• Work item:
From first line to last, print the records exactly, but leave out the pictures.

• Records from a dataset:
--

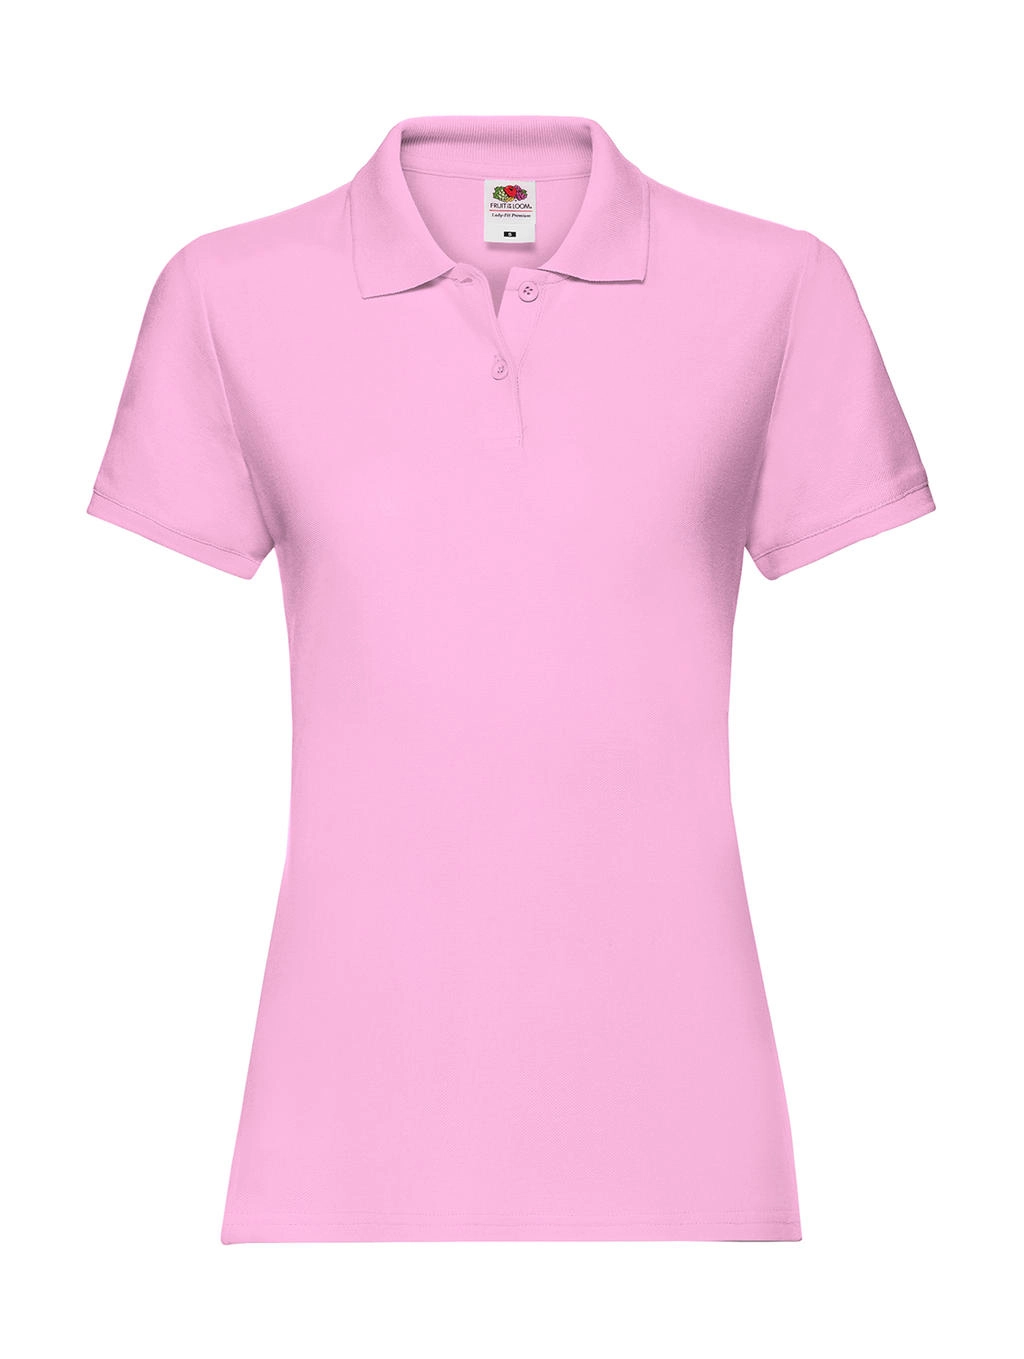 Ladies` Premium Polo zum Besticken und Bedrucken in der Farbe Light Pink mit Ihren Logo, Schriftzug oder Motiv.
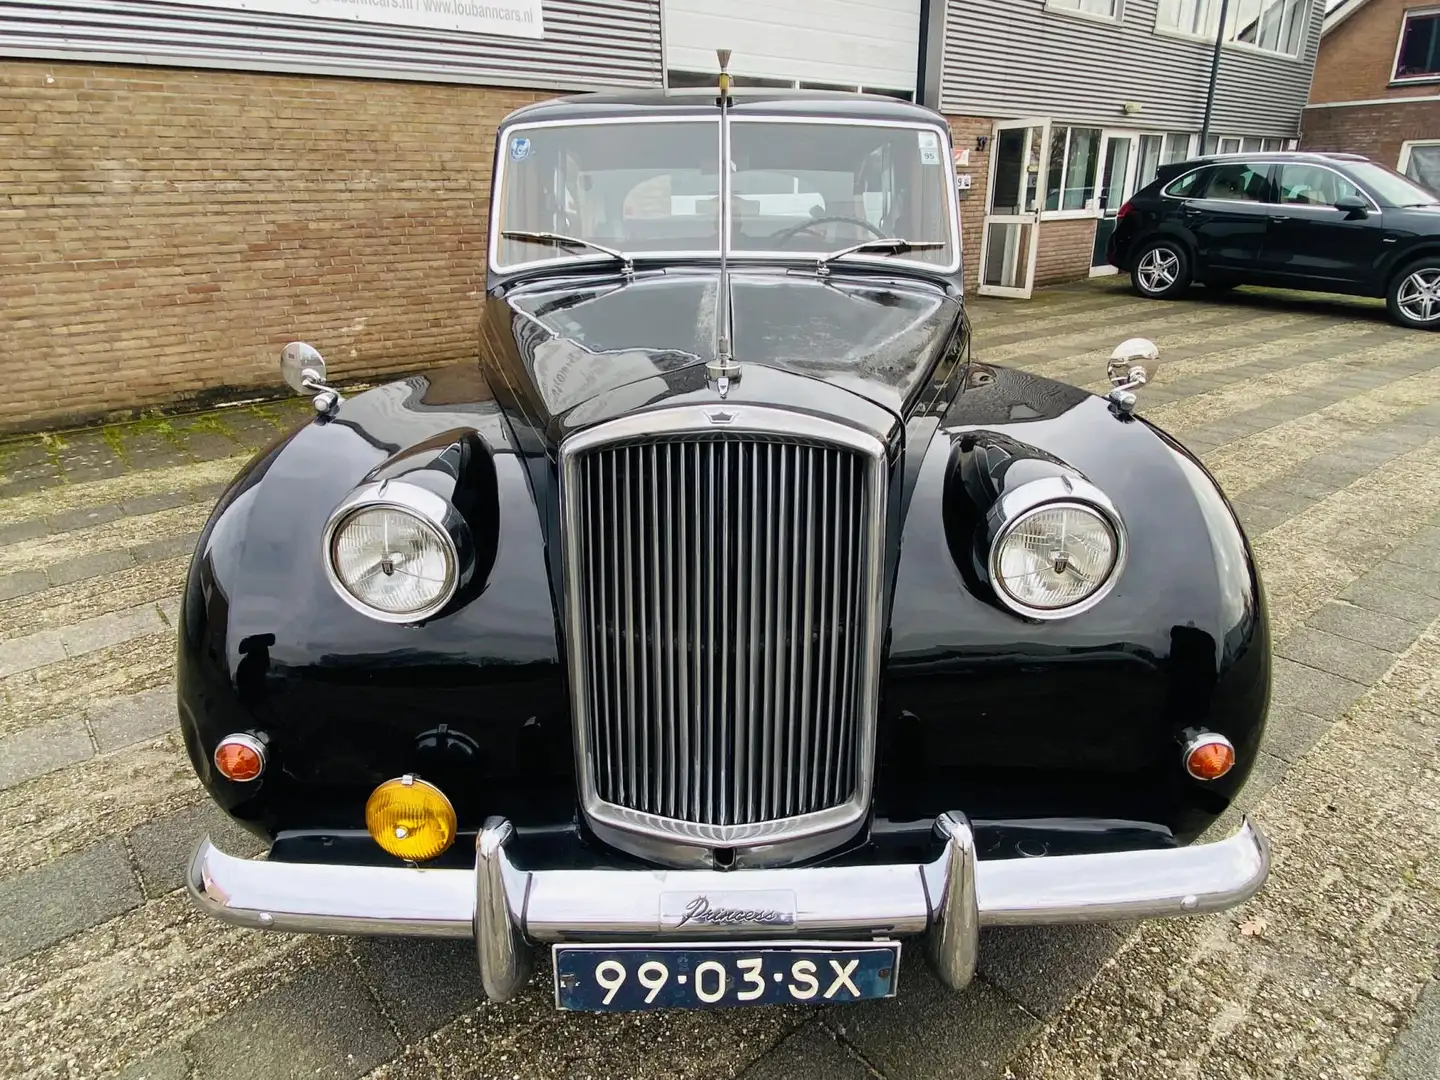 Oldtimer Rolls Royce Van den plas princess Links gestuurd crna - 2
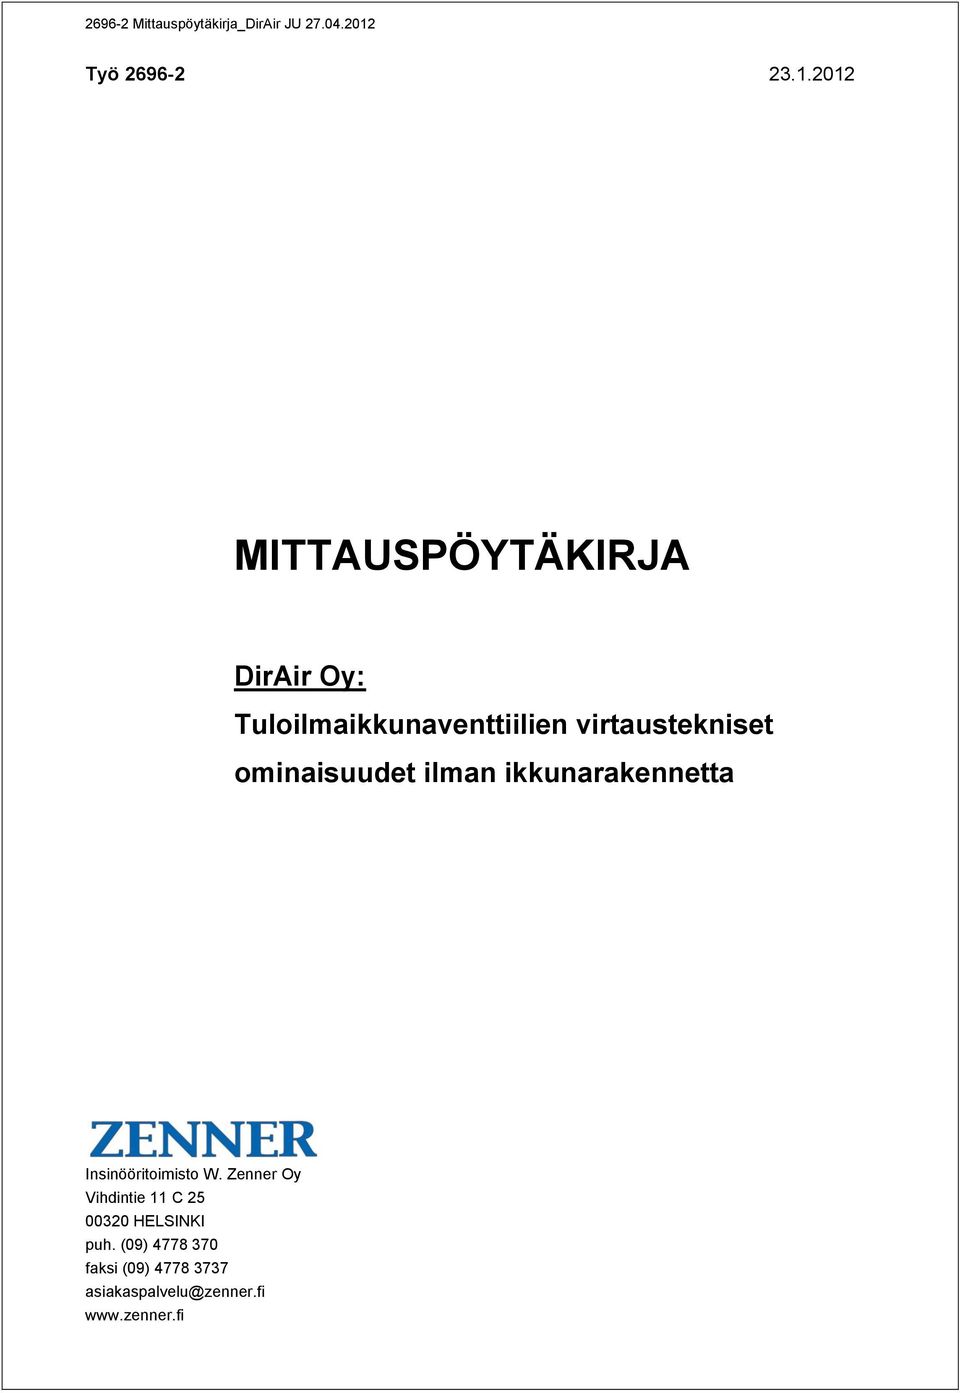 2012 MITTAUSPÖYTÄKIRJA DirAir Oy: Tuloilmaikkunaventtiilien virtaustekniset
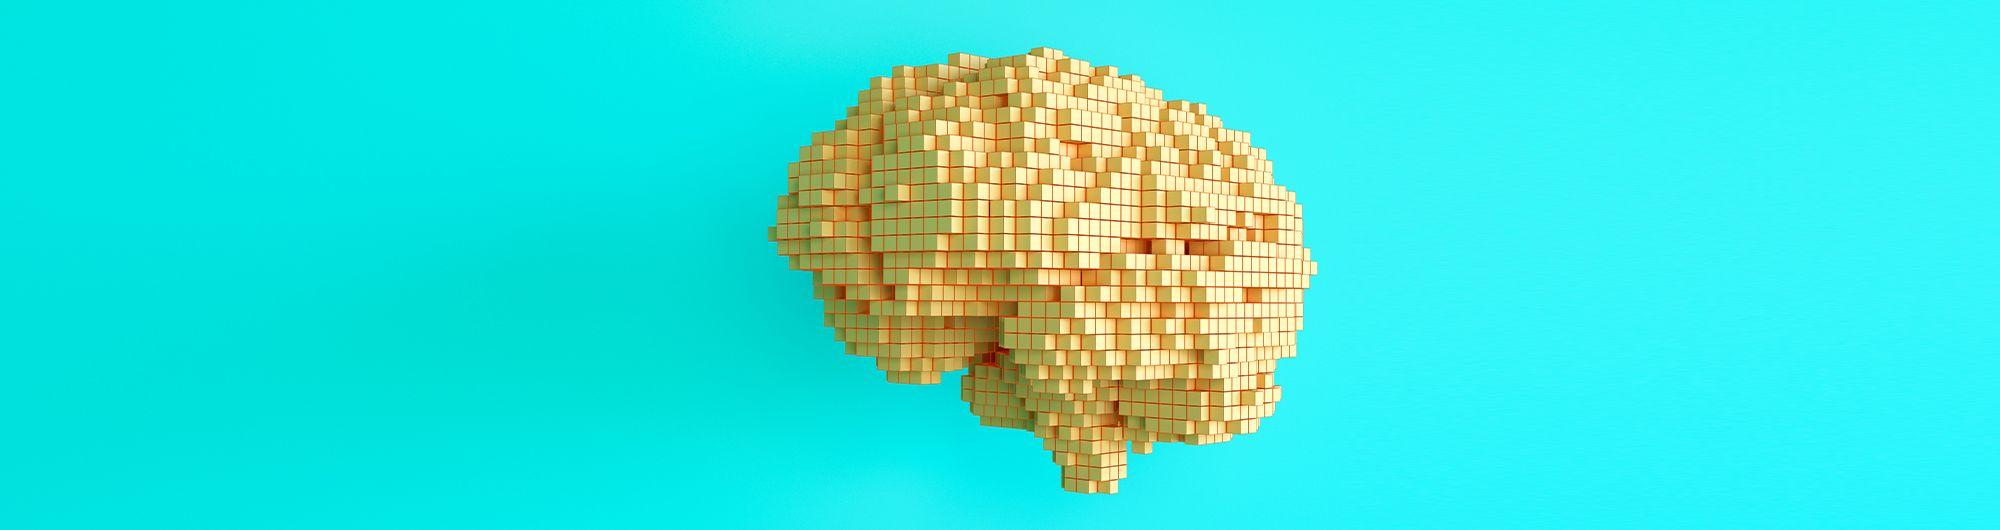 representação de cérebro em forma pixelada 3d sobre fundo azul
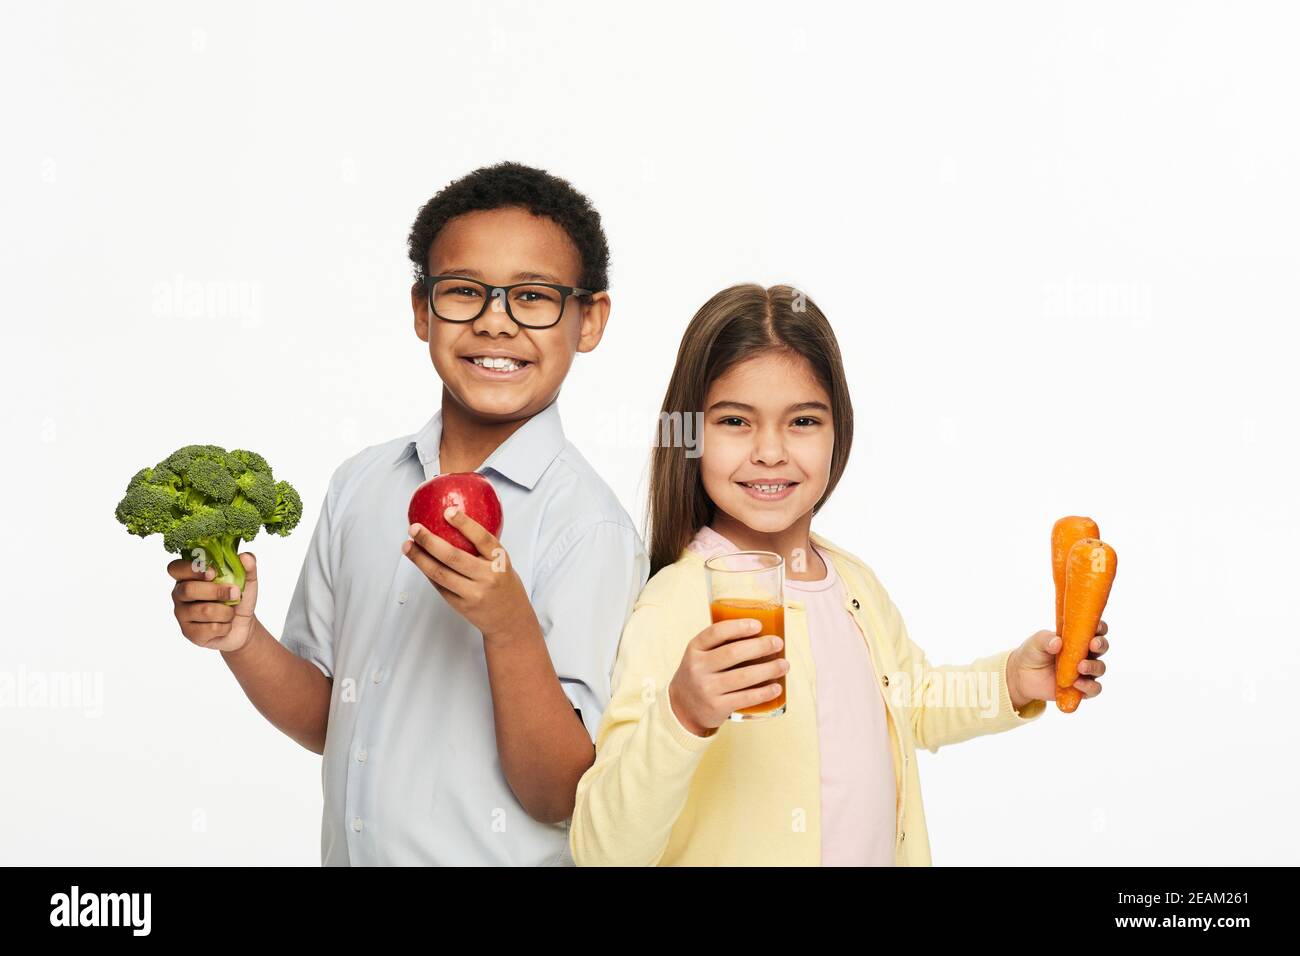 Multiethnische Gruppe von Kindern mit gesundem Gemüse, Obst und Karottensaft. Werbung für Kinder gesunde Ernährung Stockfoto

--

• Answer for this exercise:
 Ladies` Premium Polo zum Besticken und Bedrucken in der Farbe Light Pink mit Ihren Logo, Schriftzug oder Motiv.
 Oldtimer Rolls Royce Van den plas princess Links gestuurd crna - 2
 2012 MITTAUSPÖYTÄKIRJA DirAir Oy: Tuloilmaikkunaventtiilien virtaustekniset
 representação de cérebro em forma pixelada 3d sobre fundo azul
 Multiethnische Gruppe von Kindern mit gesundem Gemüse, Obst und Karottensaft. Werbung für Kinder gesunde Ernährung Stockfoto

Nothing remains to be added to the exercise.